**Aim of the task**
The goal is a clean copy of all the data below, with pictures dropped and everything else retyped exactly.

**Data below**
┌────────
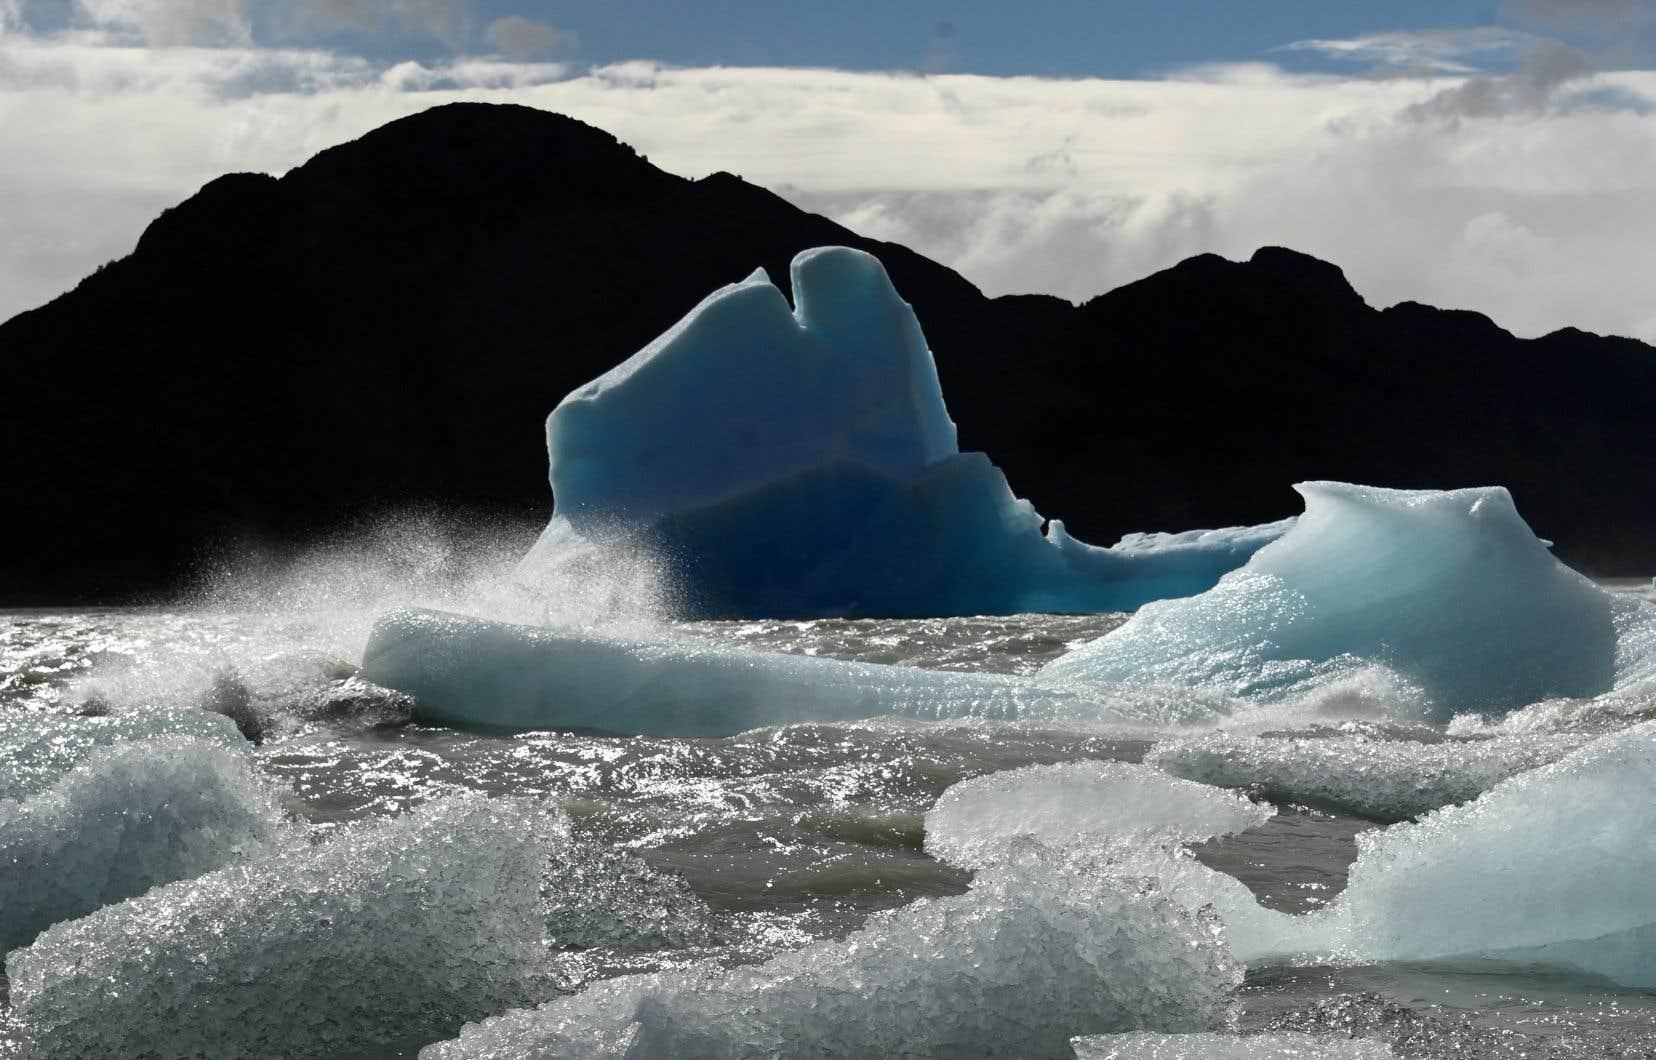 L'année 2019 marque la fin d'une décennie de chaleur exceptionnelle, de recul des glaces et d'élévation record du niveau de la mer à l'échelle du globe.
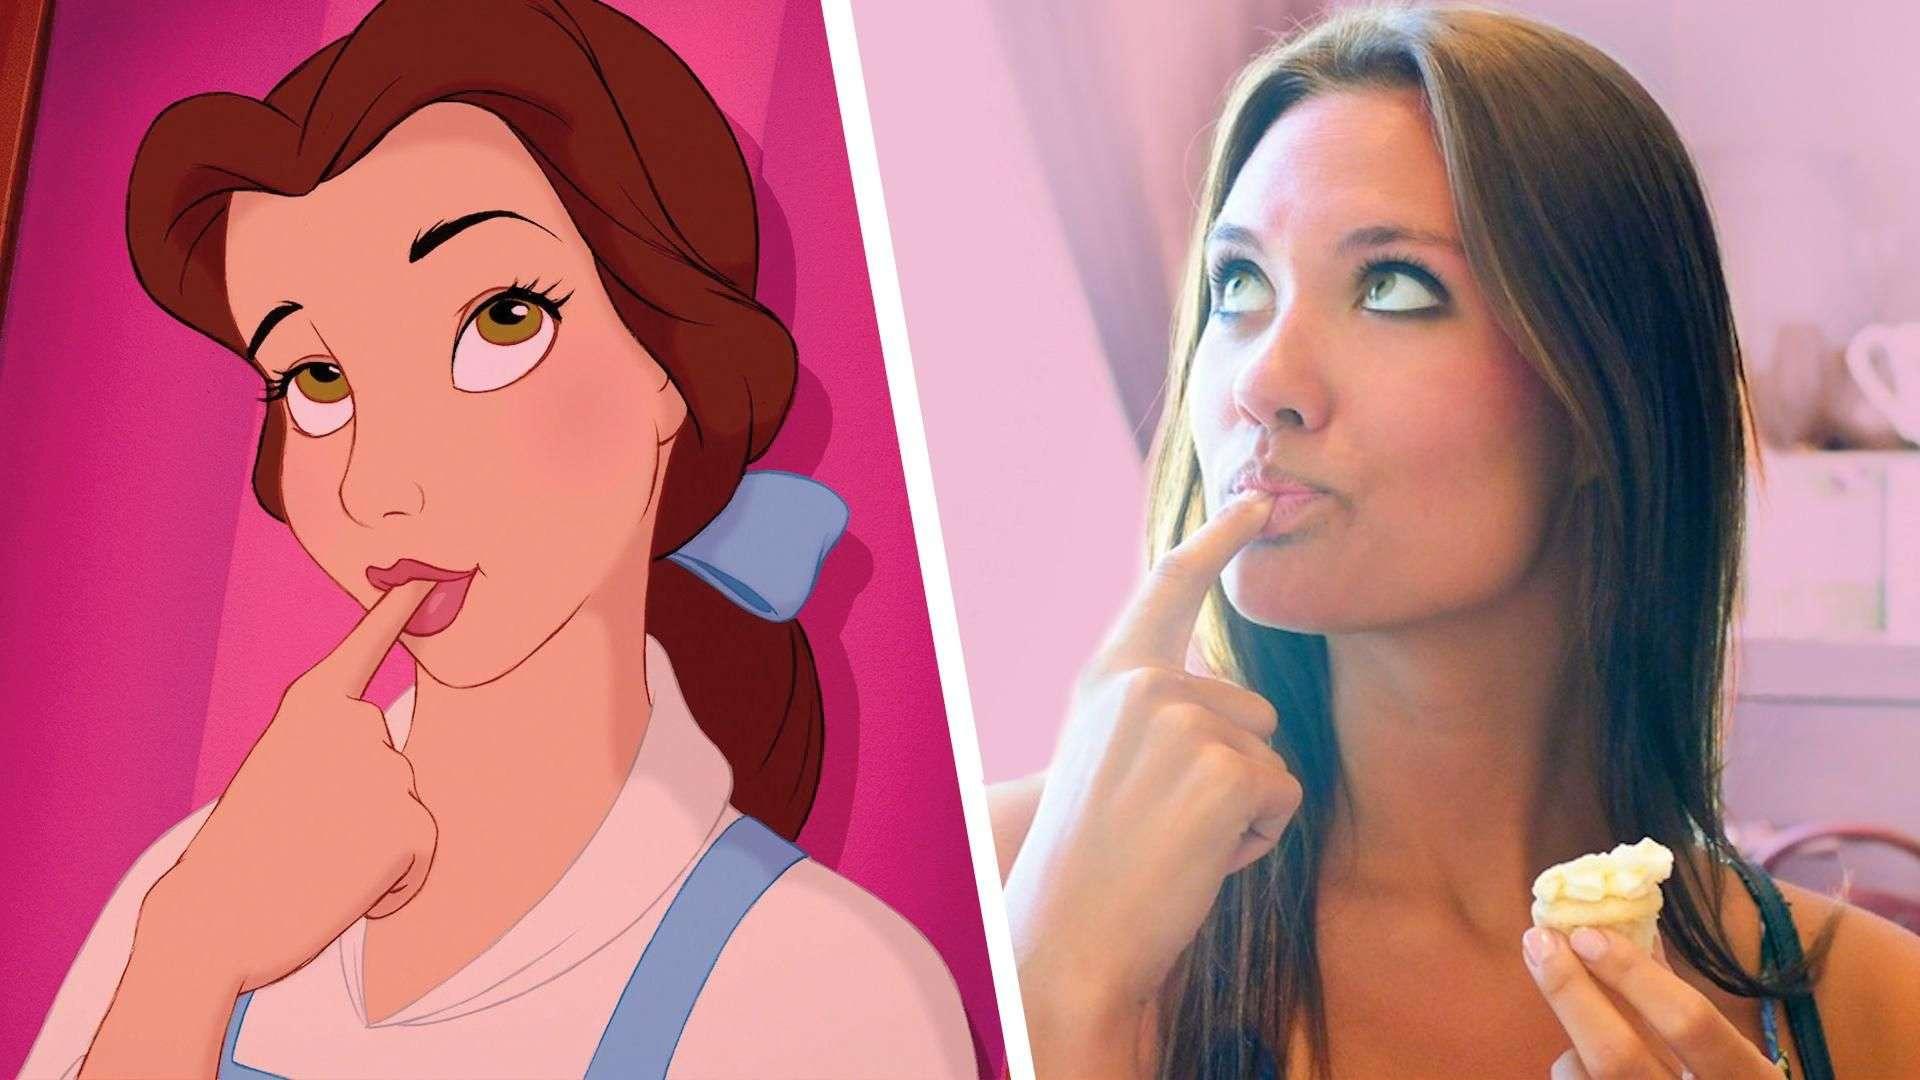 Si las princesas de Disney fueran reales
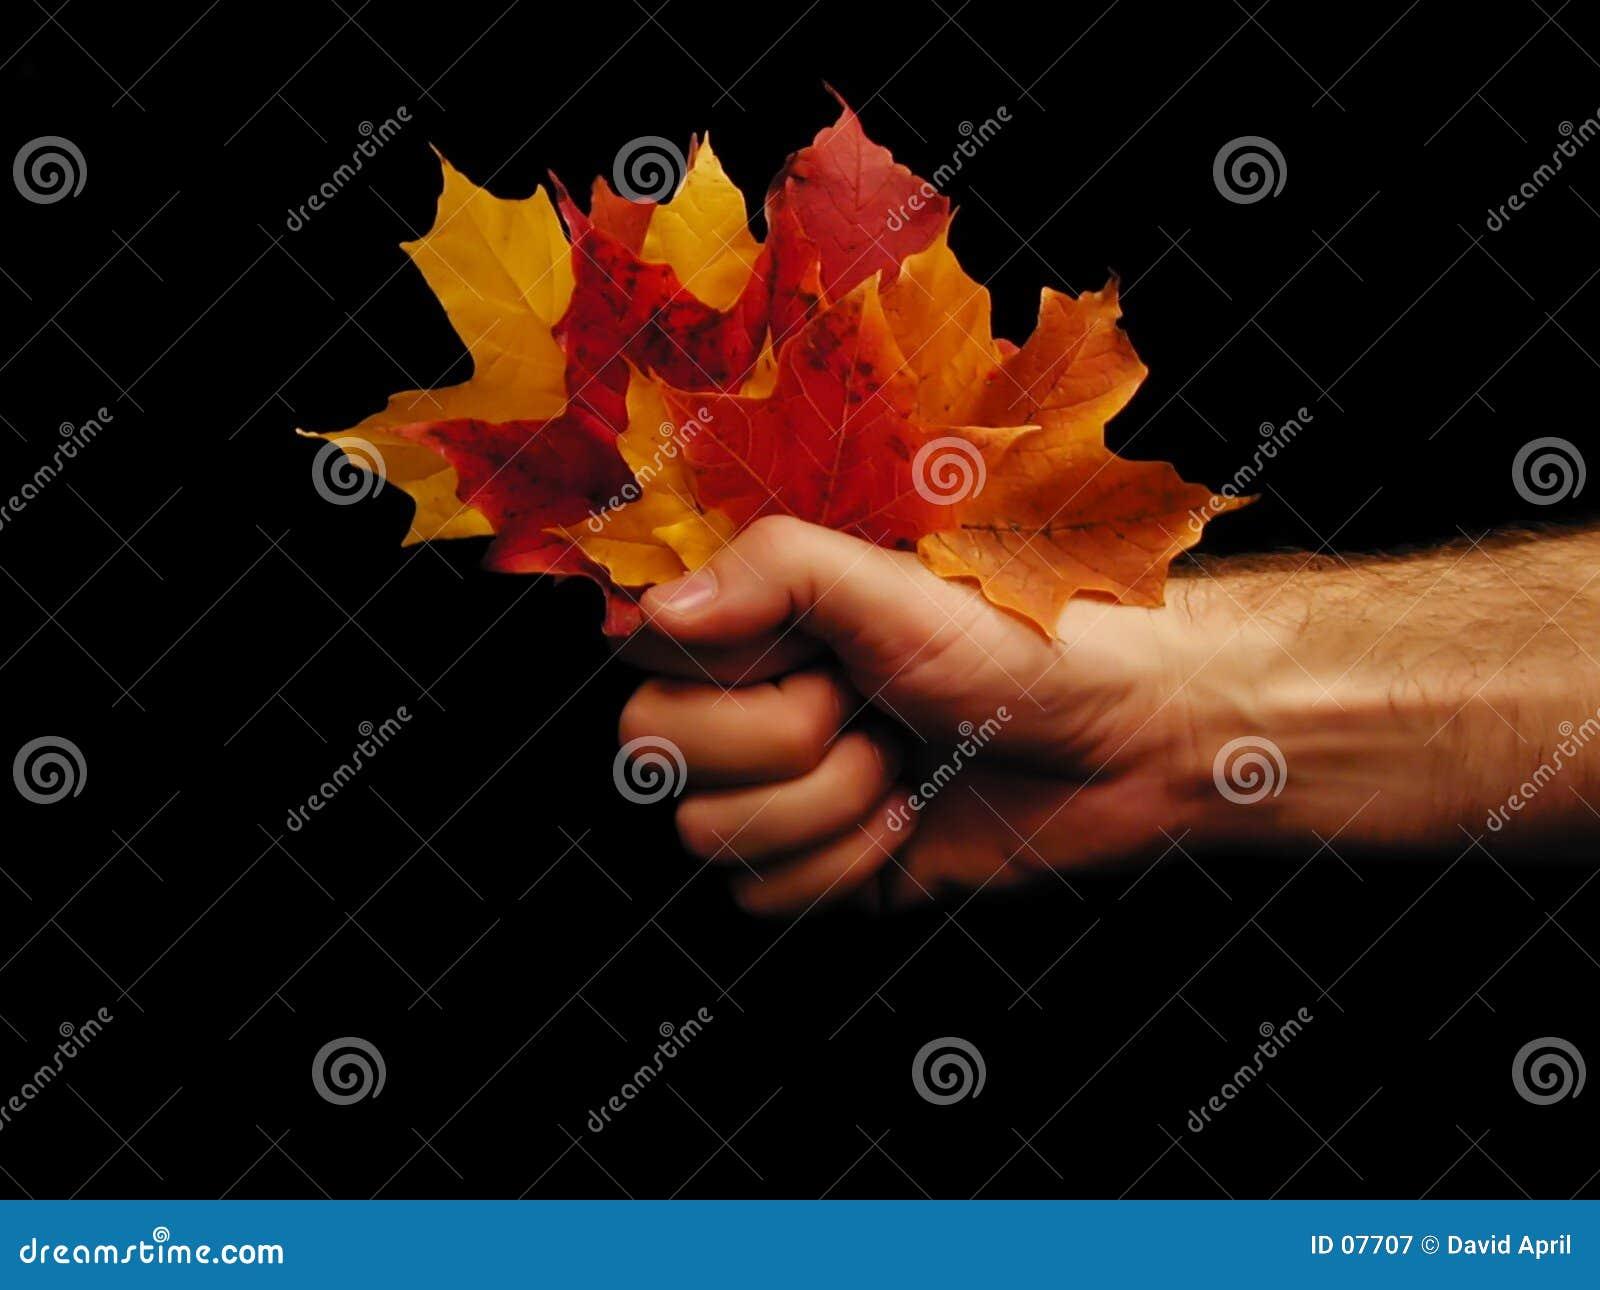 Fistful of Fall
└────────
**Result of this task**
 L'année 2019 marque la fin d'une décennie de chaleur exceptionnelle, de recul des glaces et d'élévation record du niveau de la mer à l'échelle du globe.
 Si las princesas de Disney fueran reales
 Fistful of Fall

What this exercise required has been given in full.